Es ging mir bei meinem obigen Hinweis nicht um die Einführung von Wählscheibentechnik und Drehhebewählern (Verzicht auf den 'Operator') im Ortsverkehr, sondern um die Tatsache eines flächendeckenden Telefonnetzes beim Selbstwahlfernverkehr. Da ist nichts jenseits Hildesheim 1908, sehr wohl aber in den 1930ern mit anderen Netzen neben Basa, die jedoch nicht derartige Flächenausdehnug erreichten wie dasjenige der Reichsbahn.
1923 ging es bei der Reichspost operatorfrei von Weilheim nach Raisting (etc.), also in die unmittelbare Umgebung. Ende der Gefühle: Handvermittlung.

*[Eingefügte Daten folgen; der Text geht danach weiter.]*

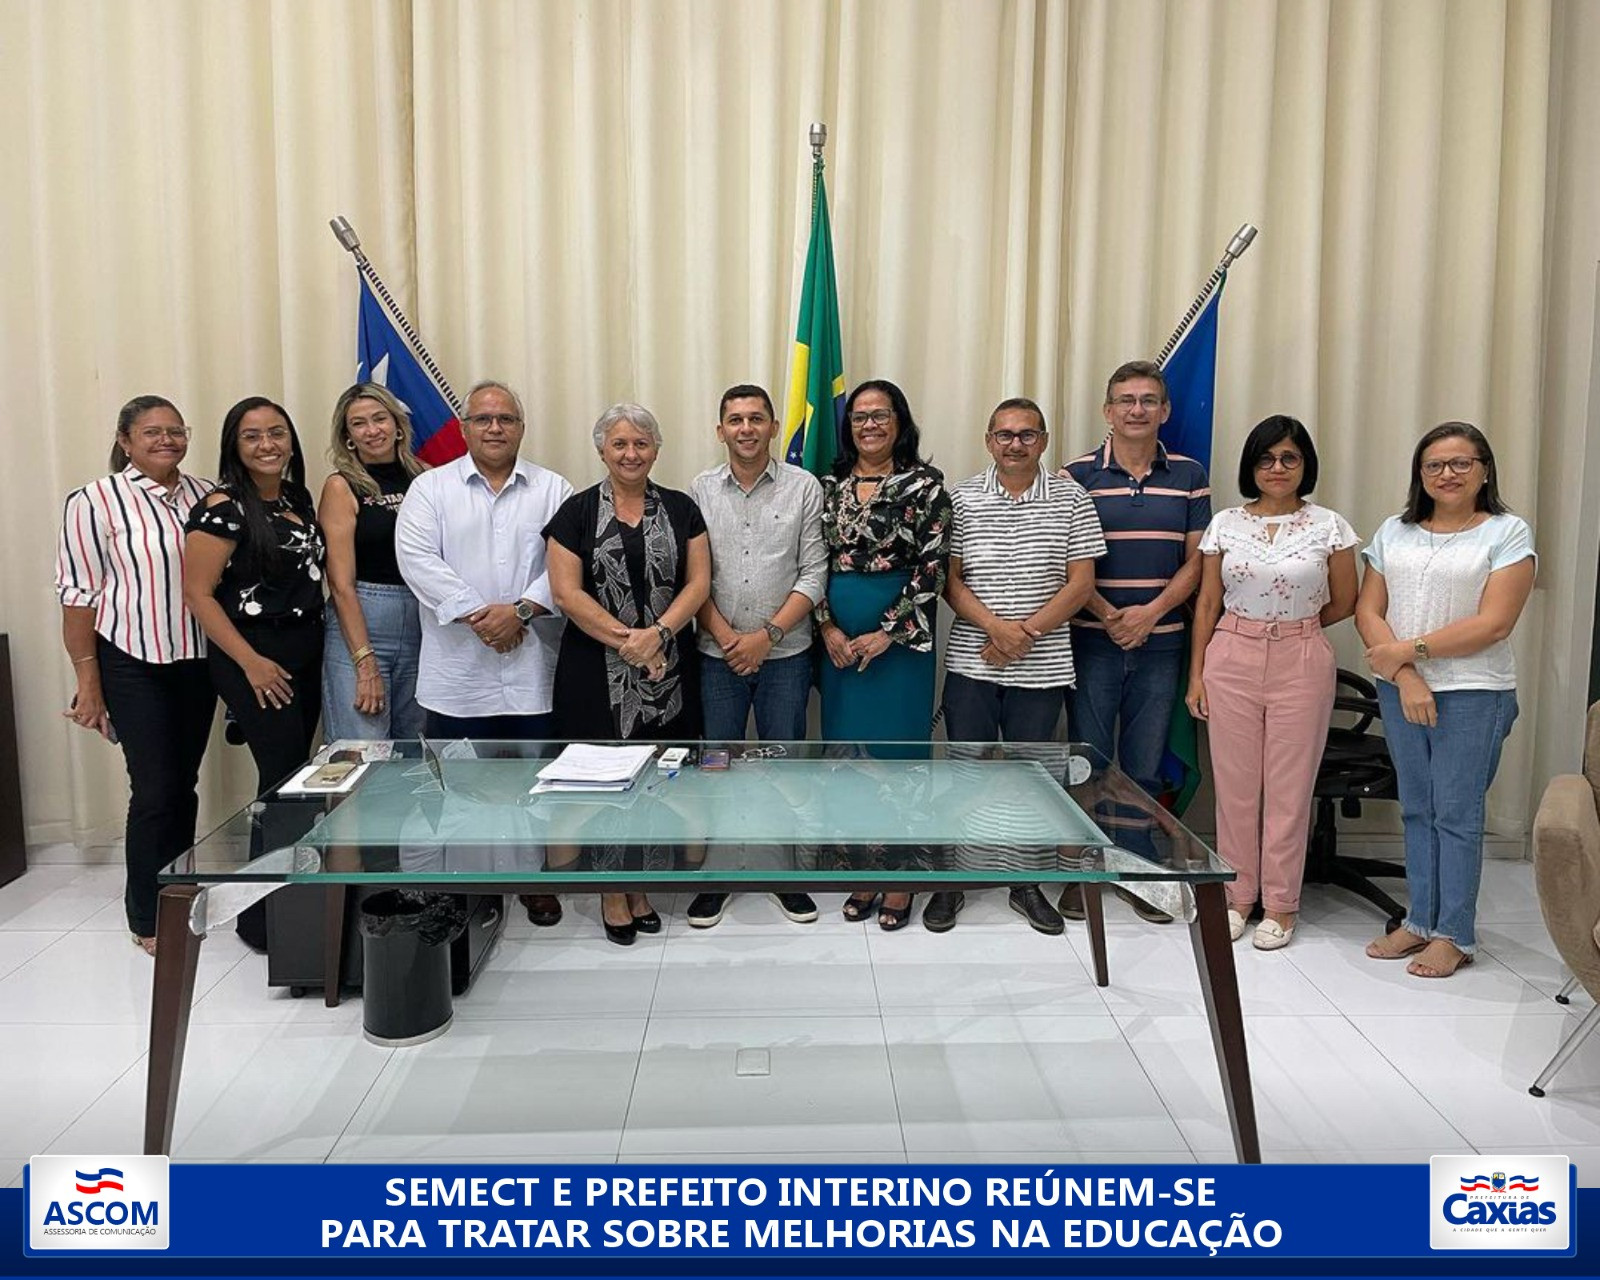 Semect trata sobre matrículas, busca ativa e melhorias na educação com prefeito interino de Caxias (MA)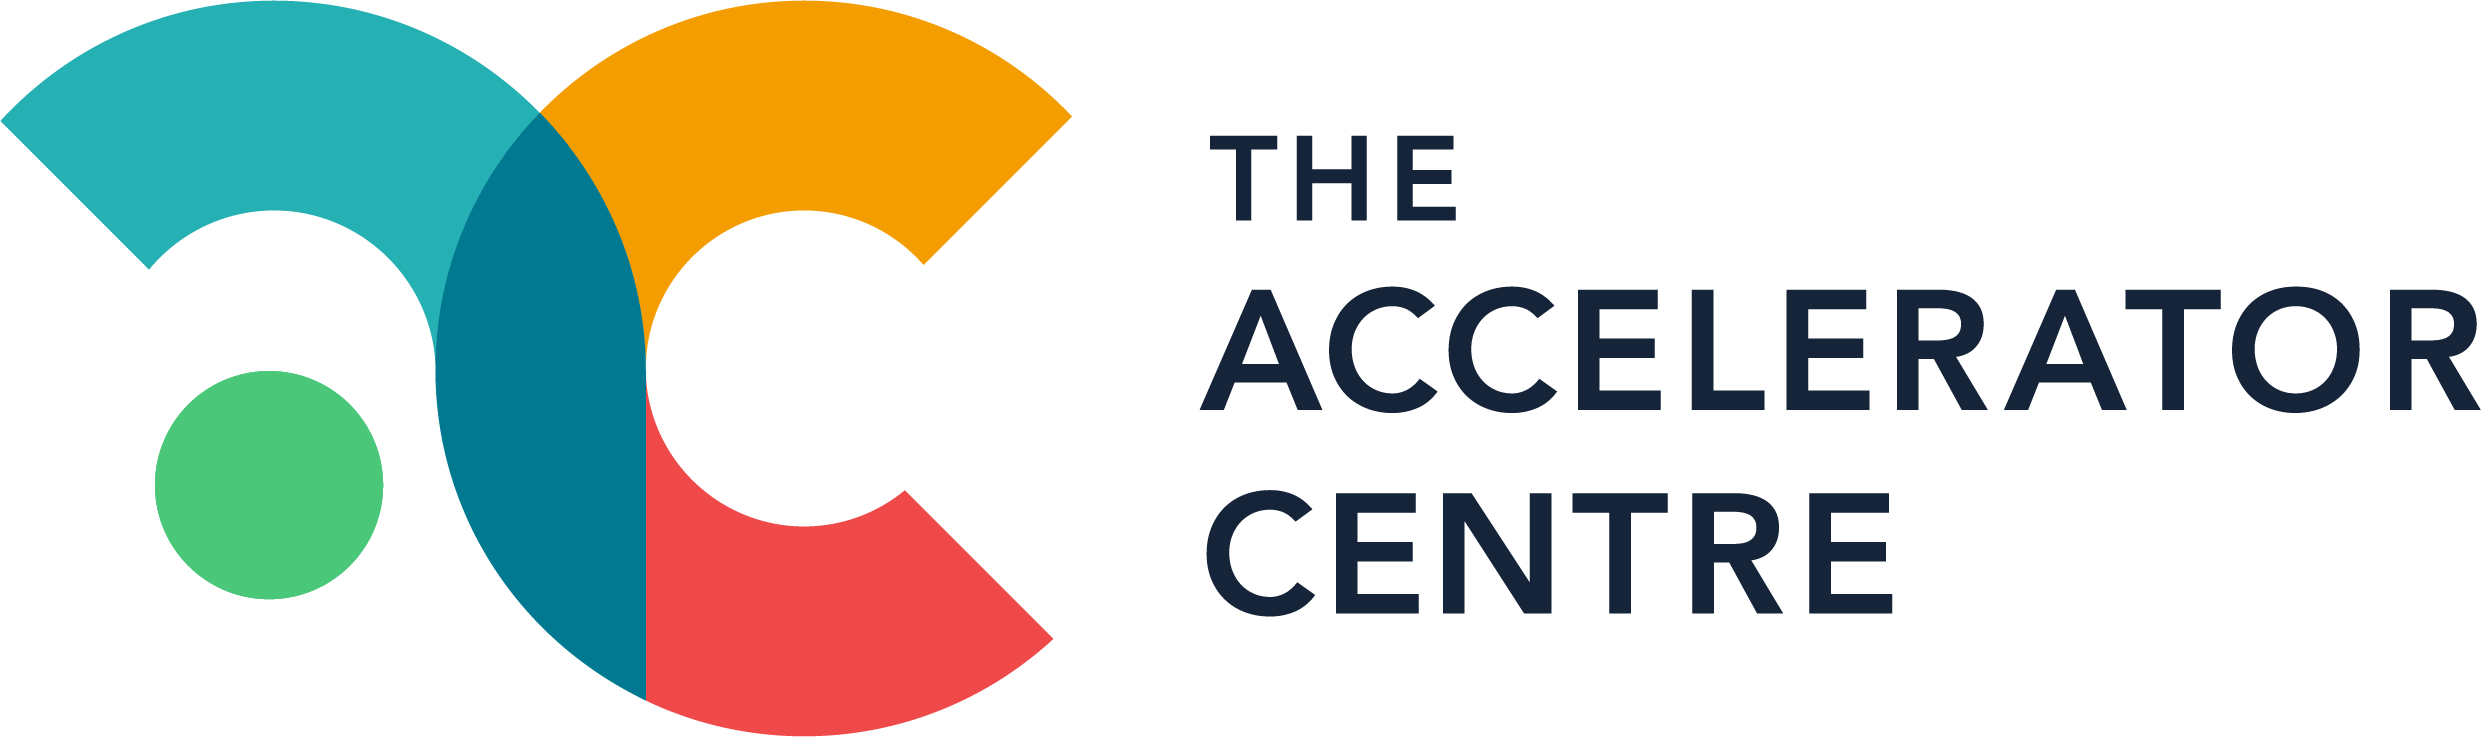 The Accelerator Centre logo

Der letzte Operator quittierte in Deutschland (West) seinen Dienst Anfang der 1960er Jahre irgendwo bei Hamburg. Zu dieser Zeit war aber das Bahnselbstwählanschlussverfahren Basa seinerseits technisch bereits einigermaßen überholt und verbastelt... ("Geheimnummern und Bypässe"; zum Teil geradezu verwegene Dinge erlebte ich 1972 im Tonmeisterpraktikum bei den Akustikern der Bahn...)

Andererseits: Noch 1985 telefonierte ich von New York (Columbia University) nach Deutschland ausschließlich über den 'operator'. Auch sowas ist fast symbolisch, zumal zu dieser Zeit internationaler Selbstwählfernsprechverkehr schon unter "Klassenfeinden" herrschte, ab 1986 gar in knapp 100 Ortsnetze der DDR, was dann ja auch kurzerhand zur 'Meinungsforschung' jenseits des 'eisernen Vorhanges' genützt wurde und den Erichs nicht so recht gefiel.